Inside, Crisp and Ma
ra and the two families swapped stories. Crisp was telling everyone how, as a young man, he had worked his way to Australia on a tramp steamer, how he had been chased by a pig in the outback, how an emu had tried to kick down an outhouse while he was in it.
The spring tide.
It would arrive tomorrow, well before dawn, and Gabriel would follow it out to the Apostles. From the saddle high on the rocks, he’d watch the sea retreat, would watch it pause to take a breath before it turned and rushed back to the beach, drowning everything in its path. Tomorrow he would watch the sun break out of the mountains for one last time. Tomorrow the water would do the rest.
GABRIEL heard the door open behind him.
“Mr. Crisp suggested that I come out here and keep you company.” Mara stuffed her hands inside the sleeves of her sweater. “He said you were thinking of taking advantage of the spring tide.”
“Why do women do that?”
“Do what?”
“Put their hands in their sleeves.
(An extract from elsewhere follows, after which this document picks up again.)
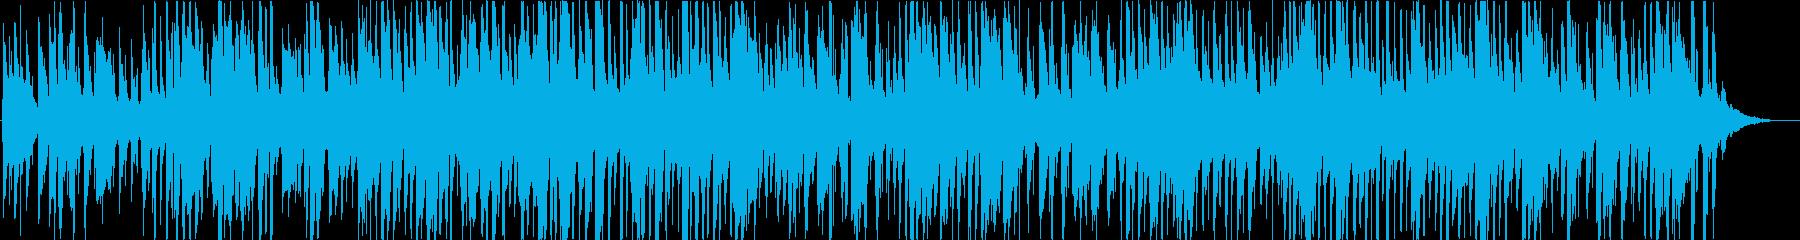 店舗に最適なジャズの再生済みの波形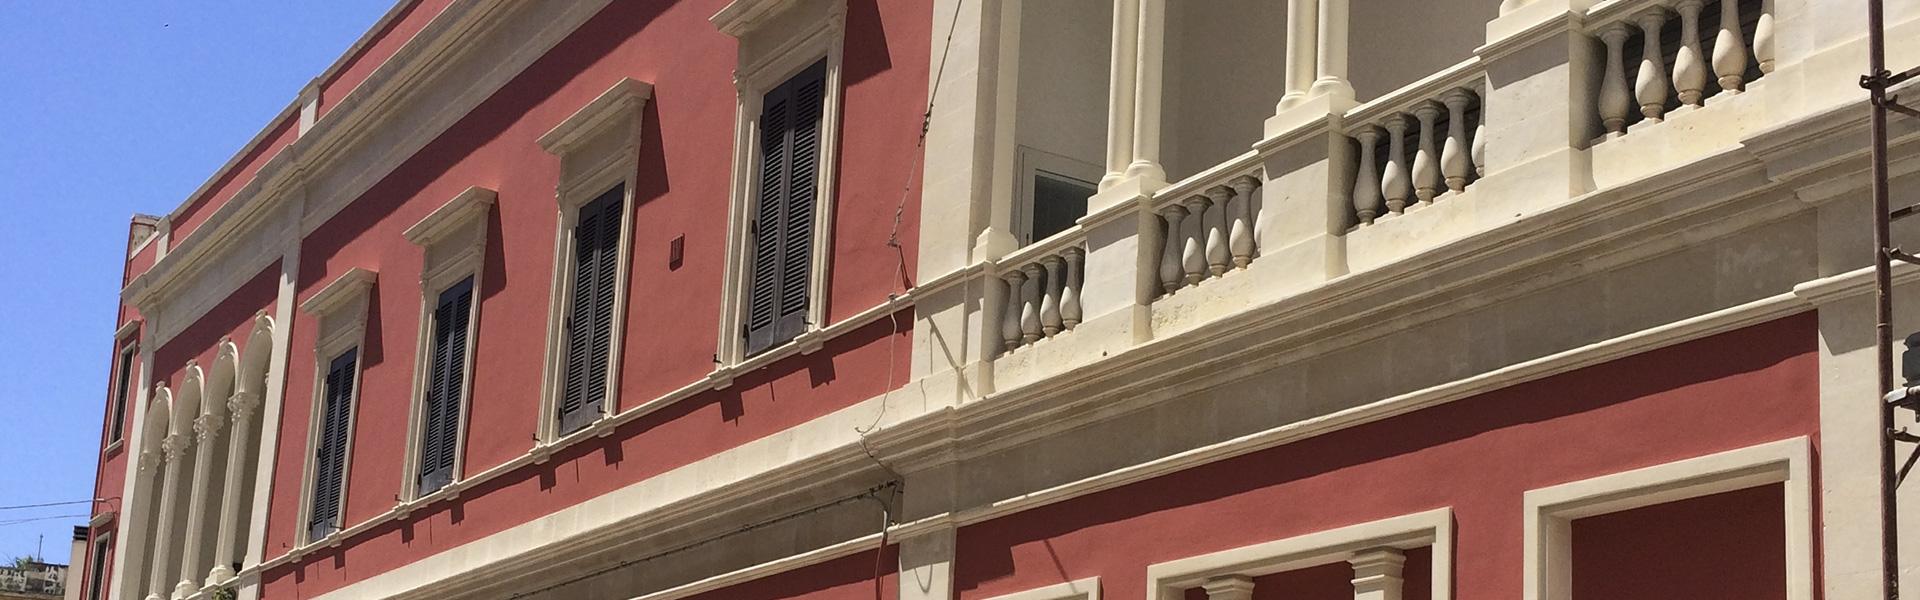 palazzo-ristrutturato

My mother and sister used to do the same thing.”
“What do men do?”
“We put our hands in our pockets.”
“Then there’s your answer.”
SCIENCE was supposed to have been the answer. World hunger. Disease. Energy. Security. Commerce. Biology would save the world. Geology would fuel the future. Physics would make sense of the universe. At one time, science had been Gabriel’s answer to everything.
Love. Friendship. Family.
He had loved the quiet calm of numbers and symbols, had been fascinated with the way in which molecules arranged themselves in orderly patterns, had been driven to see what was behind each of nature’s doors. Who wouldn’t be? Who could resist such questions? Who would want to?
How had he come to such a fantasy, that there was a benign purity in scientific inquiry? He had mistaken the enterprise completely, had seen only the questions and had ignored the obvious answers.
What was the proper goal of research?
Profit.
What was the proper use of knowledge?
Power.
He could see his errors now, could see all his illusions in stark relief. Too late, of course. Very much too late.
“NICHOLAS said you walked the canyon.”